Every year, a list of the World’s Best 50 Best Restaurants is published by Restaurant Magazine (http://theworlds 50best.com). The Best Restaurant in the World in 2009 (also 2008, 2007 and 2006) is El Bulli. The list is the result of over 800 food critics including acclaimed chefs, food experts and critics “all around the world (The Nepresso Academy) voting on the best establishments they have eaten in, in the last 18 months.”
If your restaurant is voted as the best of the best in the world among your peers in the food industry, the word “success” is, excuse me, an understatement. Sometimes, I have heard of restaurants here in Cebu awarded “outstanding,” two questions will have to be asked; is it colleagues in the industry that gave the award and did you have to pay anything. Your favorite food columnist has, in the past, been awarded “outstanding veterinarian” many times but I have to pay a hefty fee for the souvenir book and the awarding ceremonies. Thank you, food guru na lang!
Each year, El Bulli (E-mail:bulli@elbulli.com, phone +34 972 15 04 57) operates only for 180 days between June and December (2009 season began in June 16, ends Dec. 20). The rest of the year, the El Bulli team, which includes a chemist and an industrial engineer, work in elBullitaller to invent new dishes, new dining utensils and serving plates for these magnificent creations.
If you come from the Philippines, medyo difficult because you have to fly to Barcelona, Spain and drive for two hours along a winding mountain road to the town of Roses on the Costa Brava.

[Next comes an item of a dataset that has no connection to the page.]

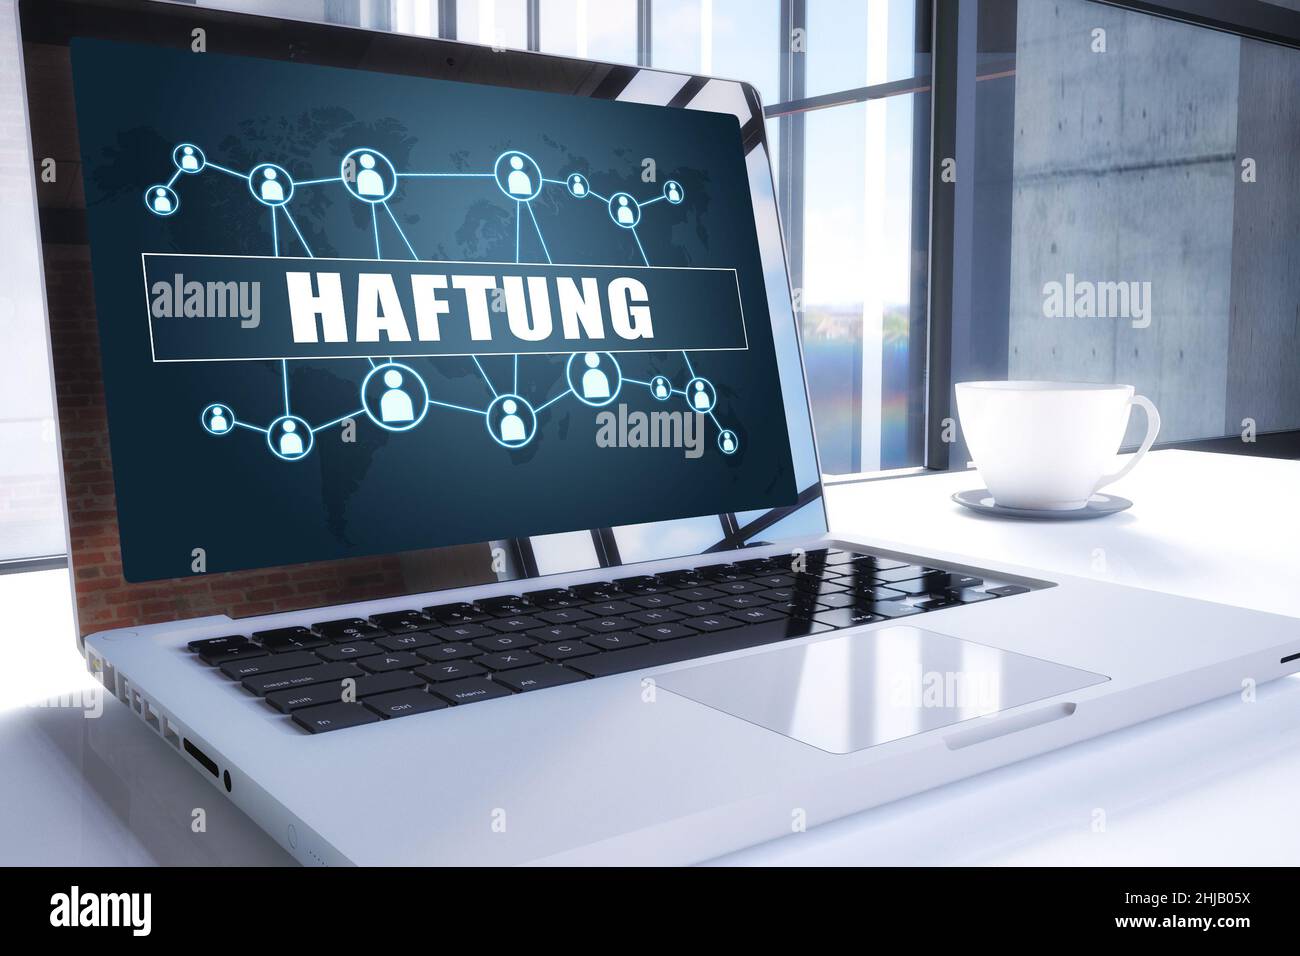 Haftung - german word for liability. Text on modern laptop screen in office environment. 3D render illustration business text concept. Stock Photo

Usually only dinner is served to about 50 guests and you have to make a reservation because during the season, “the restaurant accommodates only 8,000 diners, but gets more than two million requests for patronage per year.”
The service brigade instructs the guest on how to proceed with the dinner, in what sequence the various items are to be consumed and what items are “edible.” This season, a flower was served and the patron was supposed to sip the nectar but not eat the flower itself.
About thirty to thirty five dishes are served from appetizers to desserts and it takes about 4 hours to finish your meal; the “average cost of a meal is 250 Euros.”
To understand what El Bulli is all about, plenty of research was needed like reading about molecular cooking, viewing the video of Anthony Bourdain’s No Reservations: Decoding Ferran Adrià and Bizarre Foods with Andrew Zimmerman in Spain and social networking with people like (http://ianandoana.com) who have been guests in this prestigious restaurant.
Permission was granted by El Bulli to download and publish food photos and I have selected 32 photos among the 1,214 images
for the viewing pleasure of my beloved readers. The first four photos are drinks/cocktails and 12 photos can be collectively called appetizers (including snacks, dry & fresh). Part Two will feature the dishes (tapas, dishes, pre-desserts) and desserts (desserts, petit fours, follies, morphs).
The restaurant is run by Ferran Adrià, who has been “acclaimed as the best chef in the world.” Experts compare his cooking “to the innovative art of Picasso and insist he will leave a huge legacy in the development of cooking as an art.”